Каждый умирает в одиночку - Фаллада Ганс. Страница 20
Он засыпает, и если бы кто посмотрел сейчас на спящего Квангеля, он увидел бы на его лице улыбку, мрачную улыбку на жестком, сухом птичьем лице, мрачную, решительную, но не злую.
ГЛАВА 10
Что случалось в среду утром
Все рассказанное произошло во вторник. А в среду, чуть свет, между пятью и шестью утра, фрау Розенталь в сопровождении Трудель Бауман, ушла из квартиры Квангеля. Старик мастер крепко спал. Трудель проводила беспомощную, запуганную фрау Розенталь с желтой звездой на груди почти до квартиры советника Фрома. Затем она поднялась на несколько ступеней, твердо решив, в случае надобности, защитить эту женщину от любого из братьев Перзике, даже если придется заплатить за это жизнью и честью.
Трудель постояла, пока фрау Розенталь нажала на кнопку звонка. Дверь открылась почти тотчас же, словно за дверью кто-то поджидал. Послышался шопот, затем фрау Розенталь вошла, дверь защелкнулась на замок, и Трудель Бауман спустилась мимо квартиры советника Фрома и вышла на улицу.

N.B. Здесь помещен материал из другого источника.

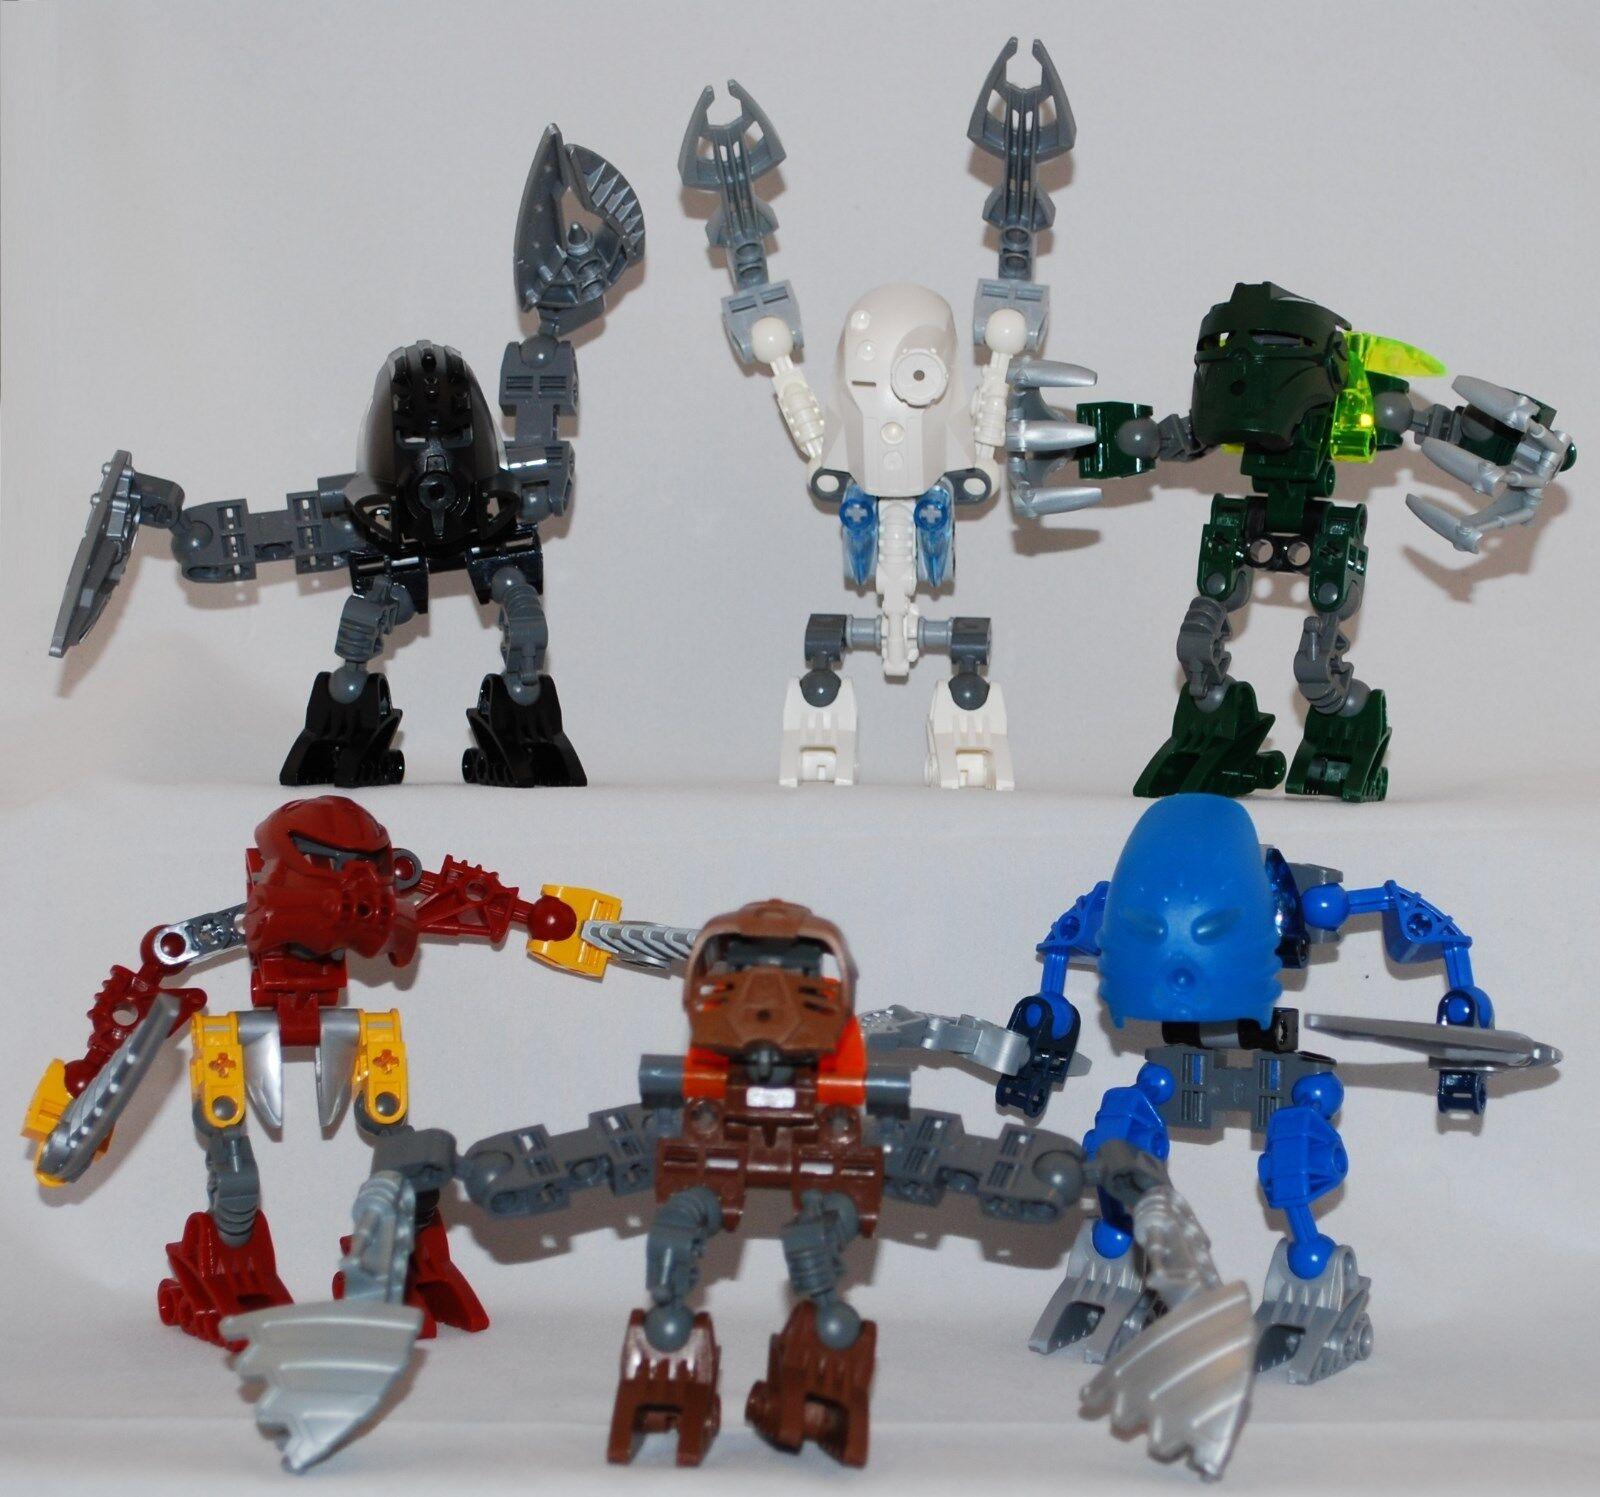 LEGO Bionicle Set  All 6 figures  8721, 8722, 8723, 8724, 8725, 8726

Парадное было уже отперто.
Обеим женщинам повезло. Несмотря на то, что час был ранний, а вставать рано не было в обычае у Перзике, оба эсэсовца только пятью минутами раньше вышли из дому. Если бы не эти пять минут, не избежать бы встречи, которая при животной тупости и жестокости обоих братьев могла оказаться роковой, во всяком случае, для фрау Розенталь.
Эсэсовцы вышли тоже не одни. Их братец Бальдур приказал им развести по домам Боркхаузена и Энно Клуге (Бальдур успел уже просмотреть его документы). Оба громилы-любителя все еще не пришли в себя после чрезмерного потребления спиртного и полученной взбучки. Все же Бальдуру удалось втолковать им, что они вели себя по-свински и что только безграничное человеколюбие помешало братьям Перзике тут же передать их в руки полиции, куда они неминуемо попадут, если не будут держать язык за зубами. Кроме того, пусть раз навсегда забудут дорогу к Перзике, да и вообще забудут об их существовании. Если же они посмеют еще раз забраться к Розентальше, их немедленно передадут гестапо.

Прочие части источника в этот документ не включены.